Stored items from a collection:
Content starts

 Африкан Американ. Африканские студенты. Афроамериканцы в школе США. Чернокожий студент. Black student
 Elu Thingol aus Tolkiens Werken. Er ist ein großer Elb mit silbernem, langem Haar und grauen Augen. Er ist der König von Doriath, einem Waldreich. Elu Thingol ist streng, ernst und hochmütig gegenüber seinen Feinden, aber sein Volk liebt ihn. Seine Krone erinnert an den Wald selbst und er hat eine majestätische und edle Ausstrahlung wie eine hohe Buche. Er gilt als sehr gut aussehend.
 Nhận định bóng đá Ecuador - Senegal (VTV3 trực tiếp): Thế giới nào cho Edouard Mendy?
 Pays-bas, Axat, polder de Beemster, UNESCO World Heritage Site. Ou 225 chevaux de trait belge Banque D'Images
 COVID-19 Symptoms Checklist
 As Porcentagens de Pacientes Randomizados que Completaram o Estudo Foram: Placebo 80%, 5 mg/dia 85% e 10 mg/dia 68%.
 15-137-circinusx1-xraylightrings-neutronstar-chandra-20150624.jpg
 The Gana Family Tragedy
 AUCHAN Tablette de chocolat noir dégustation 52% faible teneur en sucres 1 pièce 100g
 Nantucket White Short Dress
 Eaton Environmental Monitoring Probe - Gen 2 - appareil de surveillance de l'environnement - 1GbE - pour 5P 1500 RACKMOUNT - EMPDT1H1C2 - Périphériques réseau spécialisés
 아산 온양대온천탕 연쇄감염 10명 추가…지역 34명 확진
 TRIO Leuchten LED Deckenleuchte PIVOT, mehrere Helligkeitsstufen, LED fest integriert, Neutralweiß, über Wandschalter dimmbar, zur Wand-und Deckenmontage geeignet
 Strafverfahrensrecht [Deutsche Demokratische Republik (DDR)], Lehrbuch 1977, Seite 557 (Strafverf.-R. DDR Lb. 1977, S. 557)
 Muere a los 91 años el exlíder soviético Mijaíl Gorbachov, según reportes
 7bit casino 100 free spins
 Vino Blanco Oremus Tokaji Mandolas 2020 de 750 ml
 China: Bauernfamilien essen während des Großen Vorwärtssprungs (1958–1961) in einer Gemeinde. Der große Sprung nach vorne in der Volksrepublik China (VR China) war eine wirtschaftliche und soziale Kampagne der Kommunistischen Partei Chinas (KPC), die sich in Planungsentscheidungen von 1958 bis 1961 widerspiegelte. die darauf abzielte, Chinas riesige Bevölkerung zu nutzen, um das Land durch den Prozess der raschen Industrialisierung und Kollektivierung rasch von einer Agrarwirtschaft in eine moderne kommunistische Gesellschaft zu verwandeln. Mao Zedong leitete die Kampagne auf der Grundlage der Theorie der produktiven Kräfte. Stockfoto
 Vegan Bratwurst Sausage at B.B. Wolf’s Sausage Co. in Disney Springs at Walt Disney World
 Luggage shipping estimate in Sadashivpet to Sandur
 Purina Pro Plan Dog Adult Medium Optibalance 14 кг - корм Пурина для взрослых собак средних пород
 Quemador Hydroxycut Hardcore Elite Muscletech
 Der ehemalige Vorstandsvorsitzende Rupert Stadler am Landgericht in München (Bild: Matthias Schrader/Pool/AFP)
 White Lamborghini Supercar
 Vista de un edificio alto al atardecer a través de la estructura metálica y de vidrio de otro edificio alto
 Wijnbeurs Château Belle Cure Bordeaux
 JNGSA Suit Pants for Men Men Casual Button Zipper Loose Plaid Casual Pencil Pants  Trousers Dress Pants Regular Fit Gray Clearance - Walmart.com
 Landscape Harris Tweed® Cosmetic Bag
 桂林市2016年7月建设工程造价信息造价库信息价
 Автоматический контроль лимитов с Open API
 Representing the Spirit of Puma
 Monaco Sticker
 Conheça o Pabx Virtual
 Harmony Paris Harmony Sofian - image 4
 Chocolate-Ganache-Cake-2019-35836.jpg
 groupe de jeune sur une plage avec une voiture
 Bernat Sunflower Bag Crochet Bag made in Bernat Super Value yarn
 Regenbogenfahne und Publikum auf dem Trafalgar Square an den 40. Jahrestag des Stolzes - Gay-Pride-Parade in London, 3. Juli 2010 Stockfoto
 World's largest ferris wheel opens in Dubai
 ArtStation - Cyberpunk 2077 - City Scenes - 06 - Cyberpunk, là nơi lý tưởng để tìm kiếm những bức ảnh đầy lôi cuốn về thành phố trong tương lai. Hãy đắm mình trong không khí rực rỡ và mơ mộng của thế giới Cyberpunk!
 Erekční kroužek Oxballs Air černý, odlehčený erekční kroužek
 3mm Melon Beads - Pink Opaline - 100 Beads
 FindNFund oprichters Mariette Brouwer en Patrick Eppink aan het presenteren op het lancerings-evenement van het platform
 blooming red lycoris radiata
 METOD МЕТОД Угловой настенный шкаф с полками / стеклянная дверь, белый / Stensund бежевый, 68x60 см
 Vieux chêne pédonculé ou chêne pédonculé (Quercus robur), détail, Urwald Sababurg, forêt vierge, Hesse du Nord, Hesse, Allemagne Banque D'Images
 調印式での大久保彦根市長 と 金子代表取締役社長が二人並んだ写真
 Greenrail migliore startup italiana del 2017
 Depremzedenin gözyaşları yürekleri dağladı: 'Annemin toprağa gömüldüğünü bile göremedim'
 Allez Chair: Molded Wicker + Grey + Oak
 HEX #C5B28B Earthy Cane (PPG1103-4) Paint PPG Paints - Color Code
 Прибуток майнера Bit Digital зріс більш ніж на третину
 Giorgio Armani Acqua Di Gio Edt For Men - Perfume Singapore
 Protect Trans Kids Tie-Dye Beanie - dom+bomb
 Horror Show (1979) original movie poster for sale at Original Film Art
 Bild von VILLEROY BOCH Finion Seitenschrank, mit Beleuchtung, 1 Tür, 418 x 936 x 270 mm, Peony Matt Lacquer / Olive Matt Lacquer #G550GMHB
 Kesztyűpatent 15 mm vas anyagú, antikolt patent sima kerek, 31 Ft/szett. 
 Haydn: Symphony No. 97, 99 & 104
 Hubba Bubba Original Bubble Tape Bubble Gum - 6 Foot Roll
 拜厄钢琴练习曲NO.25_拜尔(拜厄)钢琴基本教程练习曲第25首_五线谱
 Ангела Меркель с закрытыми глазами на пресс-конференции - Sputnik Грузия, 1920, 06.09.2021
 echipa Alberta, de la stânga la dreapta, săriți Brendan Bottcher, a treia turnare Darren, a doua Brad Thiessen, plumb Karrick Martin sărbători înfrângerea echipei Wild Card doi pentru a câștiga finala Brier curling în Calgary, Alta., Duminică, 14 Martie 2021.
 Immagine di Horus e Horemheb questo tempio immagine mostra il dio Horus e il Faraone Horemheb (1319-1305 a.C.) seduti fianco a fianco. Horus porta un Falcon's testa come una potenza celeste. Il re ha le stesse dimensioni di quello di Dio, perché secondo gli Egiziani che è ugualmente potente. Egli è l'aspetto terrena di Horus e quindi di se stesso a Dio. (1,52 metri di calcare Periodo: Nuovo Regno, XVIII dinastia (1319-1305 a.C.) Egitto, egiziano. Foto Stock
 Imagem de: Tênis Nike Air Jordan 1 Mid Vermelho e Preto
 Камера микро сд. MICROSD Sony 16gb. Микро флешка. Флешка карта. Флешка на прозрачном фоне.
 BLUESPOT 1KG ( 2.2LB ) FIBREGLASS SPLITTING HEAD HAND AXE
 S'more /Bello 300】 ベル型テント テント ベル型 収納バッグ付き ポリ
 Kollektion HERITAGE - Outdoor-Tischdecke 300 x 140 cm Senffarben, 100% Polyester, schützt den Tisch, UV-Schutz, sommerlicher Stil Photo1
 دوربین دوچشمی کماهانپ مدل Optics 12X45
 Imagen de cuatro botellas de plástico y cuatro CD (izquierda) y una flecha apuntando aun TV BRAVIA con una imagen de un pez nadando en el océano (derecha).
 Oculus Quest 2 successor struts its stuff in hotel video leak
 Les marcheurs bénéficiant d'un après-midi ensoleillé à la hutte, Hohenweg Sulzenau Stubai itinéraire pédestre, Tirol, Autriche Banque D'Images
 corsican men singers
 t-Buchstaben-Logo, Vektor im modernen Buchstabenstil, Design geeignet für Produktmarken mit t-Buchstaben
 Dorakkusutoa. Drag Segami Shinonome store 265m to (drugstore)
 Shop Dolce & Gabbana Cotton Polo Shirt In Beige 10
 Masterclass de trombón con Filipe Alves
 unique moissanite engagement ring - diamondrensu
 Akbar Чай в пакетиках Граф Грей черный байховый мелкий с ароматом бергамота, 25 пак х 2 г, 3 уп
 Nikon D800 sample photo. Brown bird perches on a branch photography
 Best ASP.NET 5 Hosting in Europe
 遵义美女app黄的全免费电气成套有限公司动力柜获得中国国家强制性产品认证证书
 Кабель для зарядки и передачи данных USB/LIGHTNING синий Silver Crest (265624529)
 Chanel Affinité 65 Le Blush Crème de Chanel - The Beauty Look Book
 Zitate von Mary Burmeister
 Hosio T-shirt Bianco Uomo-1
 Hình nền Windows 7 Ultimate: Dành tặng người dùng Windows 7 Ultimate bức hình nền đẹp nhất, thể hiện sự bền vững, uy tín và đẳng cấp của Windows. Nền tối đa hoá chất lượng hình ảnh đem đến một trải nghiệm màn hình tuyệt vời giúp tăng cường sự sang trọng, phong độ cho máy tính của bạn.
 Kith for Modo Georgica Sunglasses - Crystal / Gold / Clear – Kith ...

Content ends

- **AIM OF THE TASK**
Working from the records above, write out verbatim only the lines from the line containing "JNGSA Suit Pants" through the line containing "Chocolate-Ganache-Cake-2019-35836.jpg".

- **ANSWER TO THIS PROBLEM**
 JNGSA Suit Pants for Men Men Casual Button Zipper Loose Plaid Casual Pencil Pants  Trousers Dress Pants Regular Fit Gray Clearance - Walmart.com
 Landscape Harris Tweed® Cosmetic Bag
 桂林市2016年7月建设工程造价信息造价库信息价
 Автоматический контроль лимитов с Open API
 Representing the Spirit of Puma
 Monaco Sticker
 Conheça o Pabx Virtual
 Harmony Paris Harmony Sofian - image 4
 Chocolate-Ganache-Cake-2019-35836.jpg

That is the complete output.